Differential Equations are the language in which the laws of nature are expressed. Understanding properties of solutions of differential equations is fundamental to much of contemporary science and engineering. Ordinary differential equations (ODE's) deal with functions of one variable, which can often be thought of as time.
This course introduces students to iterative decoding algorithms and the codes to which they are applied, including Turbo Codes, Low-Density Parity-Check Codes, and Serially-Concatenated Codes. The course will begin with an introduction to the fundamental problems of Coding Theory and their mathematical formulations. This will be followed by a study of Belief Propagation--the probabilistic heuristic which underlies iterative decoding algorithms. Belief Propagation will then be applied to the decoding of Turbo, LDPC, and Serially-Concatenated codes. The technical portion of the course will conclude with a study of tools for explaining and predicting the behavior of iterative decoding algorithms, including EXIT charts and Density Evolution.
This course continues the content covered in 18.100 Analysis I. Roughly half of the subject is devoted to the theory of the Lebesgue integral with applications to probability, and the other half to Fourier series and Fourier integrals.
This is an advanced undergraduate course dealing with calculus in one complex variable with geometric emphasis. Since the course Analysis I (18.100B) is a prerequisite, topological notions like compactness, connectedness, and related properties of continuous functions are taken for granted.
This course offers biweekly problem sets with solutions, two term tests and a final exam, all with solutions.
This is a undergraduate course. It will cover normed spaces, completeness, functionals, Hahn-Banach theorem, duality, operators; Lebesgue measure, measurable functions, integrability, completeness of L-p spaces; Hilbert space; compact, Hilbert-Schmidt and trace class operators; as well as spectral theorem.
This course introduces the basic computational methods used to understand the cell on a molecular level.
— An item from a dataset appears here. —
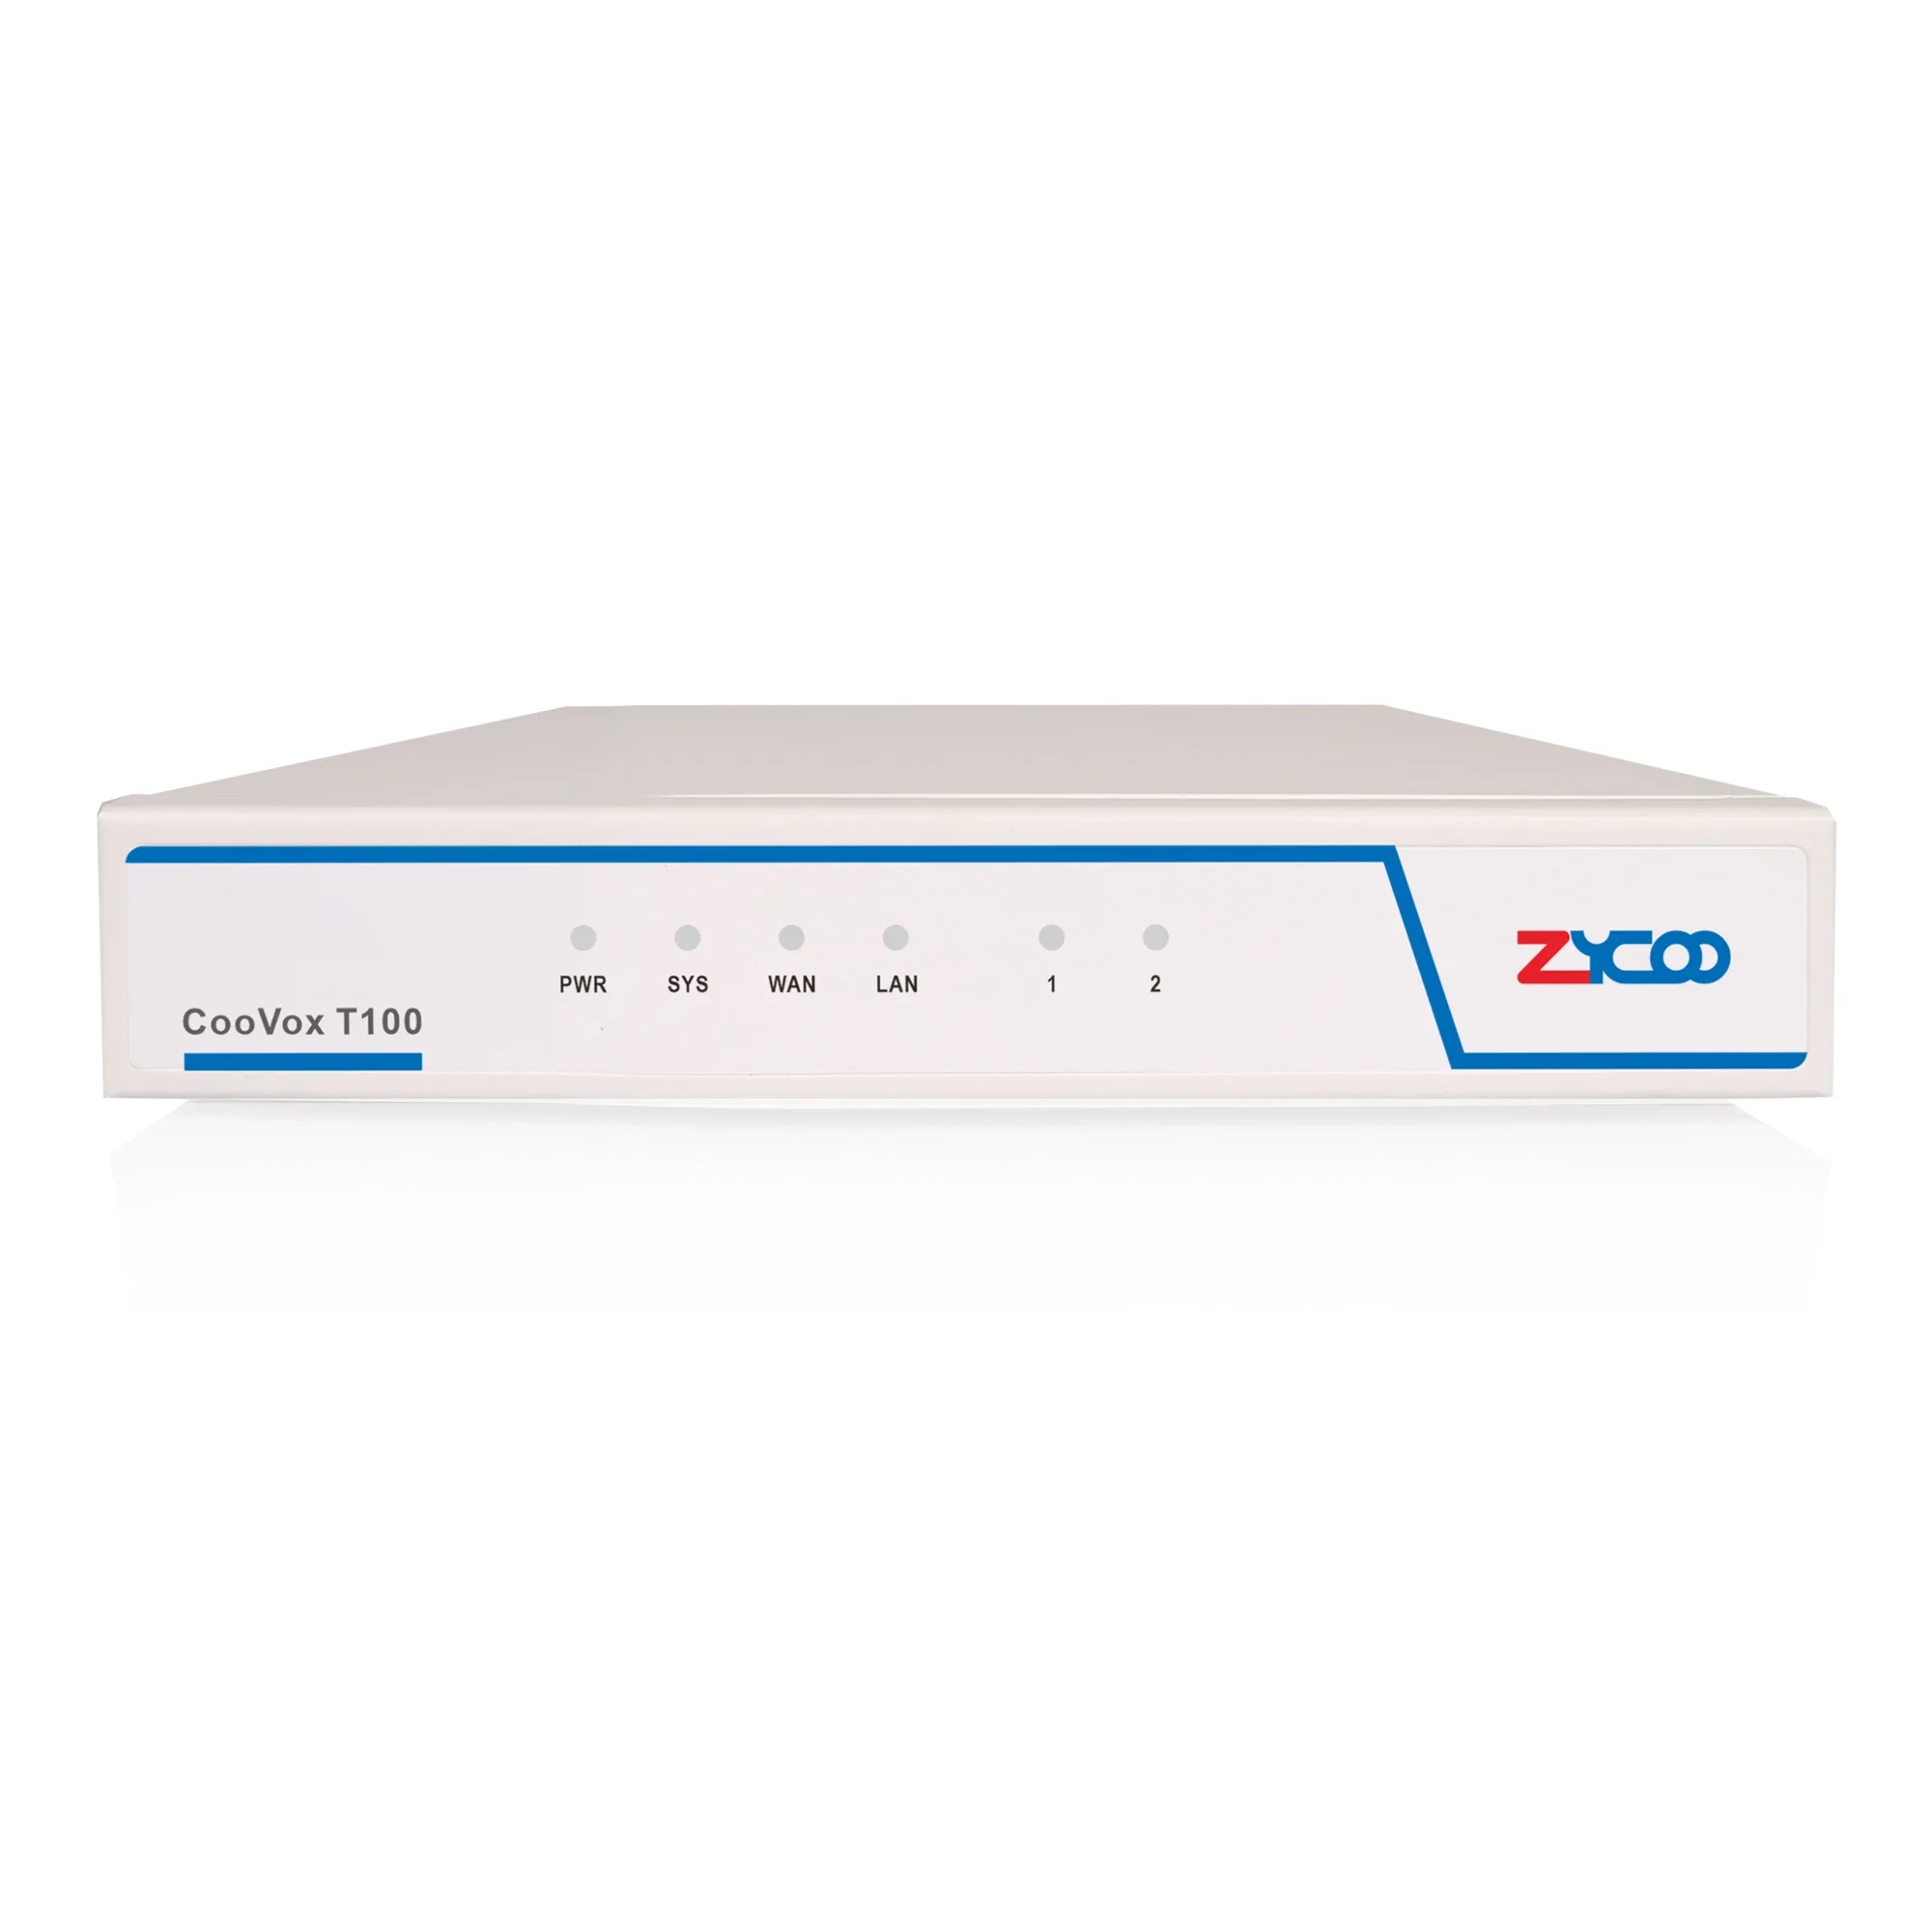 

Zycoo New VoIP PBX с 100 пользователями sip-расширения и портом 2FXO, CooVox-T100

It covers subjects such as the sequence alignment algorithms: dynamic programming, hashing, suffix trees, and Gibbs sampling. Furthermore, it focuses on computational approaches to: genetic and physical mapping; genome sequencing, assembly, and annotation; RNA expression and secondary structure; protein structure and folding; and molecular interactions and dynamics.
Trusted paper writing service WriteMyPaper.Today will write the papers of any difficulty.